Astorga reacted against the steps carried out by Villegas. He then filed a petition for “Mandamus, Injunction and/or
Prohibition with Preliminary Mandatory and Prohibitory Injunction” to compel Villegas et al and the members of the
municipal board to comply with the provisions of RA 4065 (filed with the SC). In his defense, Villegas denied recognition
of RA 4065 (An Act Defining the Powers, Rights and Duties of the Vice-Mayor of the City of Manila) because the said
law was considered to have never been enacted. When the this said “law” passed the 3rd reading in the lower house
as House Bill No. 9266, it was sent to the Senate which referred it to the Committee on Provinces and Municipal
Governments and Cities headed by then Senator Roxas. Some minor amendments were made before the bill was
referred back to the Senate floor for deliberations. During such deliberations, Sen. Tolentino made significant
amendments which were subsequently approved by the Senate. The bill was then sent back to the lower house and
was thereafter approved by the latter. The bill was sent to the President for approval and it became RA 4065. It was
later found out however that the copy signed by the Senate President, sent to the lower house for approval and sent to
the President for signing was the wrong version. It was in fact the version that had no amendments thereto. It was not
the version as amended by Tolentino and as validly approved by the Senate. Due to this fact, the Senate president and
the President of the Philippines withdrew and invalidated their signatures that they affixed on the said law.

Astorga maintains that the RA is still valid and binding and that the withdrawal of the concerned signatures does not
invalidate the statute. Astorga further maintains that the attestation of the presiding officers of Congress is conclusive
proof of a bill’s due enactment.

ISSUE: WON RA 4065 was validly enacted.

RULING: No. The journal of the proceedings of each House of Congress is no ordinary record. The Constitution
requires it.

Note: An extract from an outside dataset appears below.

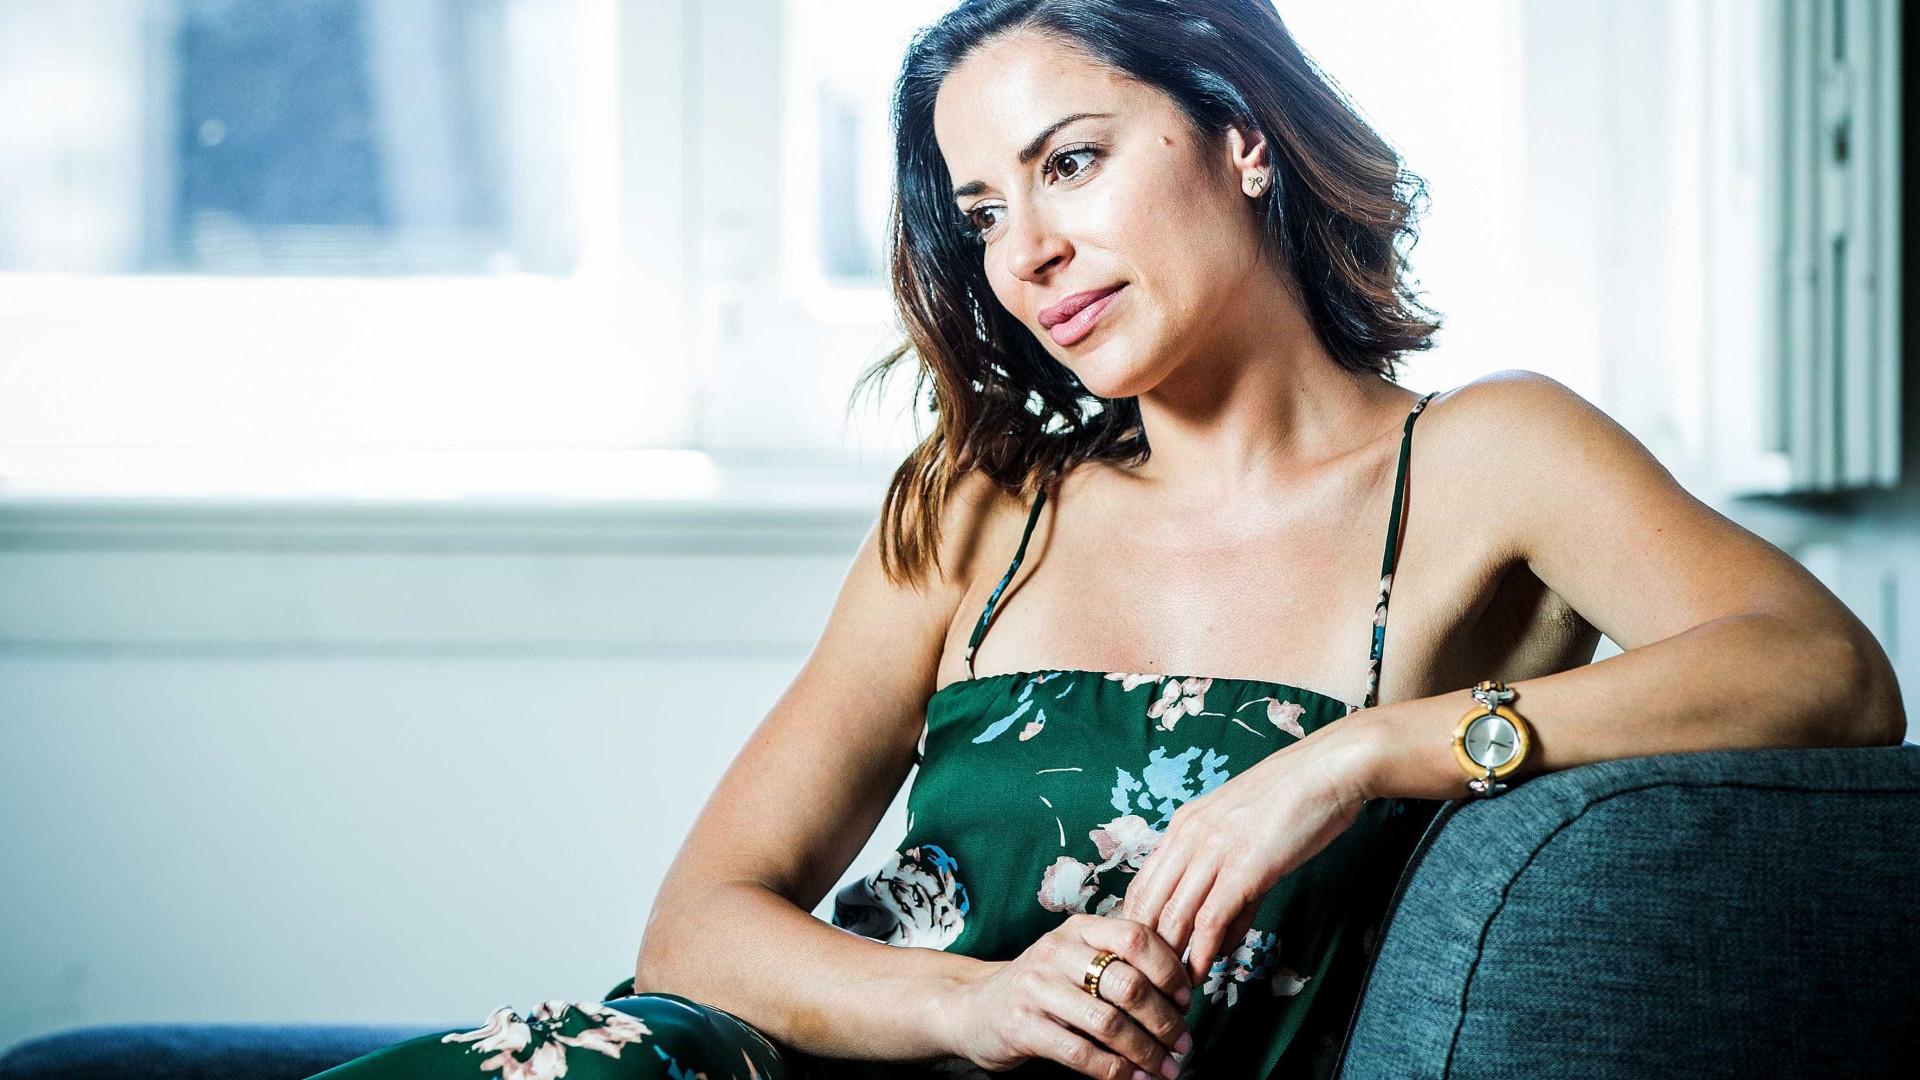 Dania Neto nudes (19 photos), foto Ass, YouTube, panties 2019
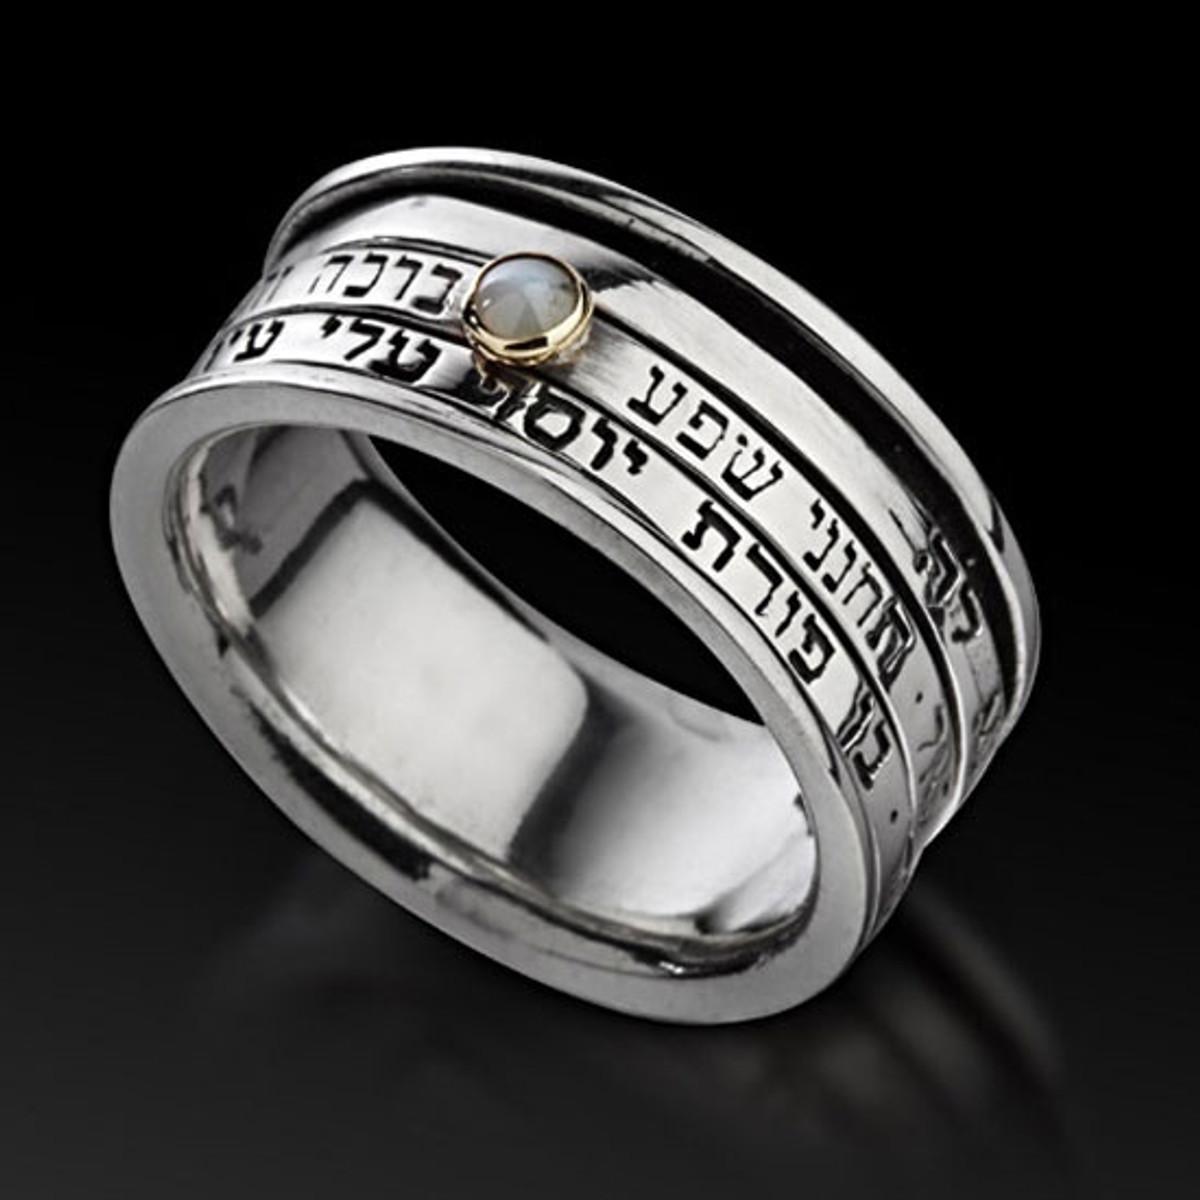 Prosperity Silver Tarshish Ring With Inserted Chrysoberyl

While it is true that the journal is not authenticated and is subject to the risks of misprinting and other errors,
the journal can be looked upon in this case. The SC is merely asked to inquire whether the text of House Bill No. 9266
signed by the President was the same text passed by both Houses of Congress. Under the specific facts and
circumstances of this case, the SC can do this and resort to the Senate journal for the purpose. The journal discloses
that substantial and lengthy amendments were introduced on the floor and approved by the Senate but were not
incorporated in the printed text sent to the President and signed by him. Note however that the SC is not asked to
incorporate such amendments into the alleged law but only to declare that the bill was not duly enacted and therefore
did not become law. As done by both the President of the Senate and the Chief Executive, when they withdrew their
signatures therein, the SC also declares that the bill intended to be as it is supposed to be was never made into law. To
perpetuate that error by disregarding such rectification and holding that the erroneous bill has become law would be to
sacrifice truth to fiction and bring about mischievous consequences not intended by the law-making body.